Medicine
Cost of tampering
John Linklater
A recent front page article (Sunday Times, May 25) has drawn public attention to the danger of prescribing steroid hormone tablets for the purpose of diagnosing pregnancy. If a woman is not pregnant, she will usually bleed after taking the tablets, while an absence of bleeding nearly always indicates the presence of a child in the womb. Numerous assessments of this method have been published in the medical press over the past few years, from which it has become increasingly clear that there is a statistically significant increase in the proportion of seriously abnormal babies born to mothers who have been given such hormones in early pregnancy.
Notwithstanding this danger, however, about 100,000 prescriptions for hormone pregnancy testing tablets are still being issued annually, and it is therefore satisfactory to see that the Committee on Safety of Medicines has at last been nudged into activity and that it has circulated its own formal, yellow warning notice to all doctors, unequivocally stigmatising hormone pregnancy tests as potentially teratogenic.
A reason for the remarkably persistant popularity of the test in the face of earlier warnings, is that the woman who seeks most urgent confirmation of pregnancy often does so because the pregnancy is unintentional and she suspects, with some justification, that a tablet which precipitates a menstrual flow may have some abortifacient properties. Such women therefore tend to press the doctor to prescribe a hormone test instead of testing a urine specimen. This pressure is one of the undesirable, but inevitable, consequences of an NHS structure in which the balance of control is weighed heavily in favour of the patient against the doctor. If the patient demands, the doctor will tend to supply, at least until he has conclusive, official evidence that to do so could be positively harmful.

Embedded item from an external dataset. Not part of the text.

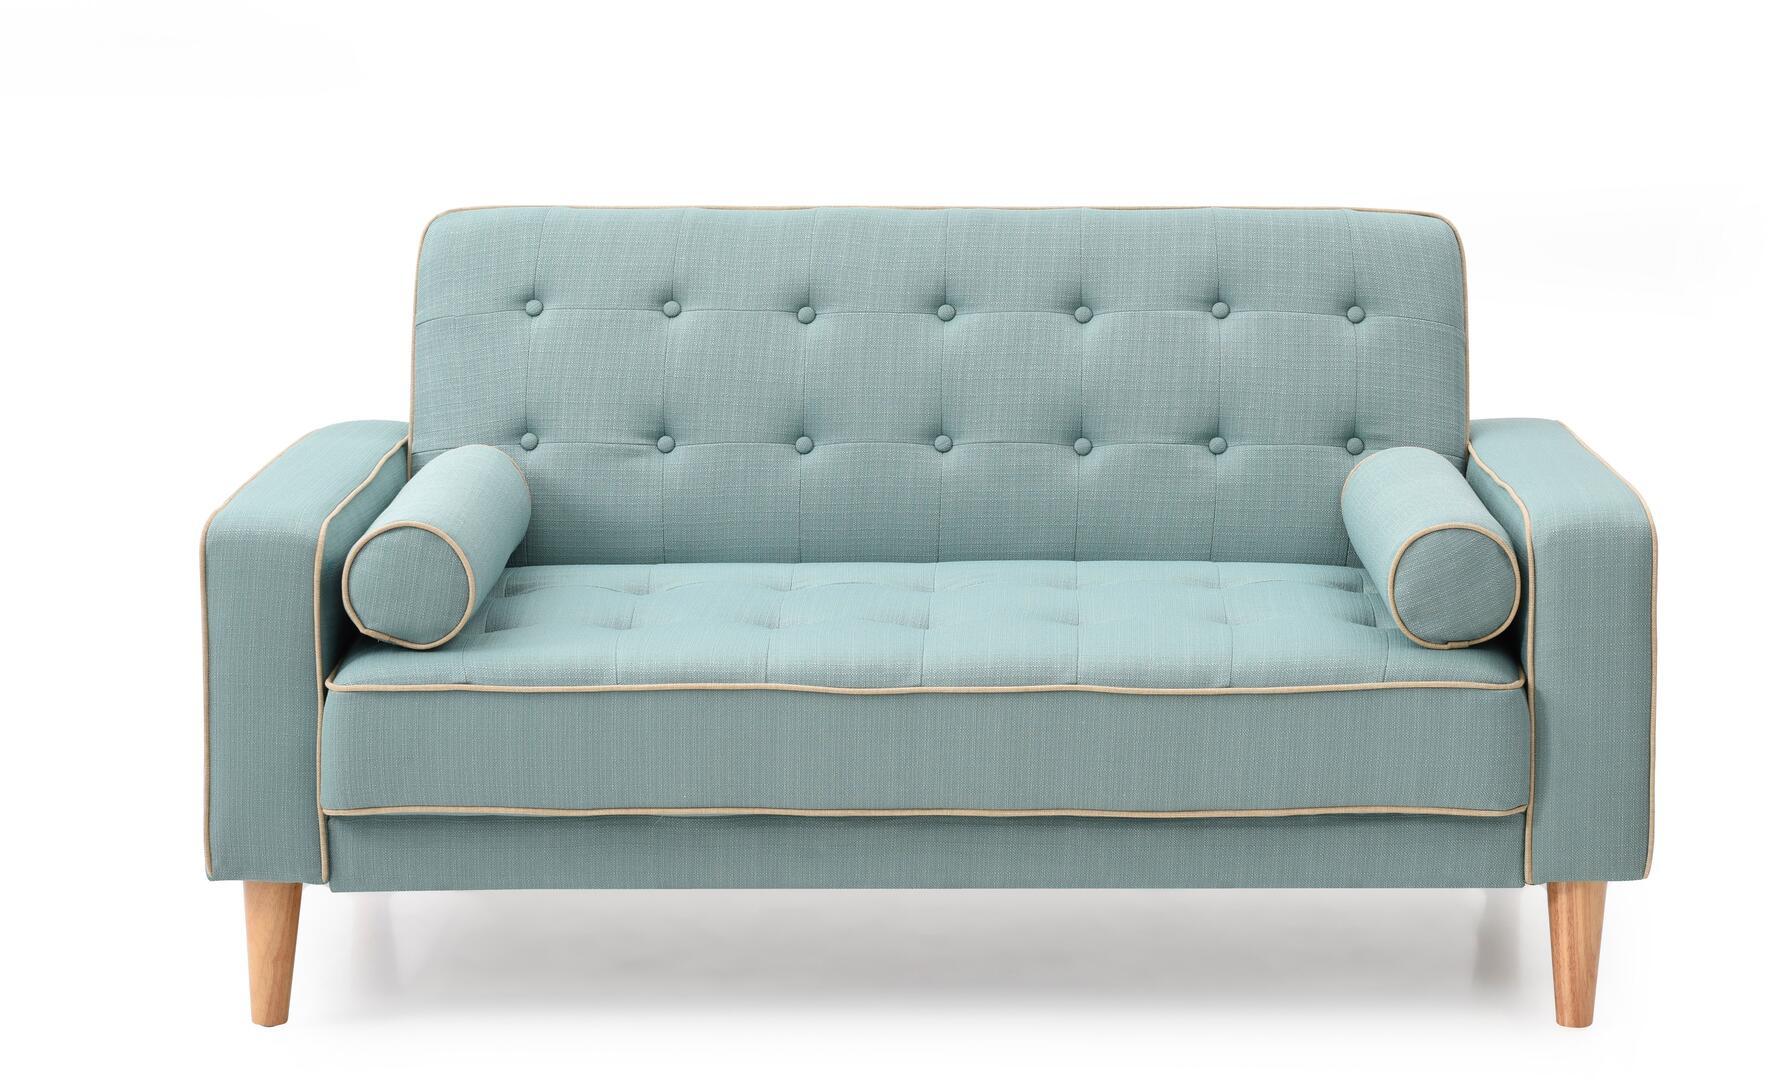 Glory Furniture G833al Navi Series Loveseat Sleeper Fabric Sofa

In fact, the hormone tablets in question will continue to be advertised and used for what is termed the symptomatic treatment of amenorrhoea in the proven absence of pregnancy. To speak of treating amenorrhoea symptomatically as if the mere act of monthly bleeding were itself a necessary part of health, is misleading rubbish. A bleed induced by tablets may convincingly demonstrate medical technological skill. It may also satisfy the patient, but it has no conceivable advantage in terms of health. Healthy women of childbearing age will often miss periods without being pregnant.
Patient pressure on the doctor to treat any, and every, variation from strict average of bodily function as if it were a disease is, of course, encouraged by the Welfare State as part of the false doctrine of equal happiness attainable in a heaven upon earth. This is why, for example, a man who thinks that he is sleeping less than usual consults his instant doctor and feels deprived if he does not come away with capsules to restore his imagined fair entitlement of sleep, regardless of any side-effects or long-term disadvantages. Furthermore, to write a prescription takes only a few minutes. To delve into the reasons for a transient insomnia may take an hour, and still leave a faintly frustrated patient.
The doctor, therefore also, finds himself prescribing lotions for a trivial, adolescent acne exacerbated by long greasy hair, or for a baby's dandruff which would be better cleared with olive oil and a fine comb. The list of pointless, undesirable and even dangerous treatments is endless.
The advent of the Welfare State seems to have coincided with a progressive loss of commonsense and robust independence, and of our ability to accept the natural minor ills of the flesh. The Health Education Council would do well to publish a pamphlet to be sold in surgeries, clinics and health centres to drive this point home, showing that man, in a healthy environment with adequate stimulus and exercise and food to which he is evolutionarily adapted, rarely needs medical intervention. When the doctor does have to intervene, there is often some price to bepaid in the form of an unforeseen sideeffect or unwelcome complication.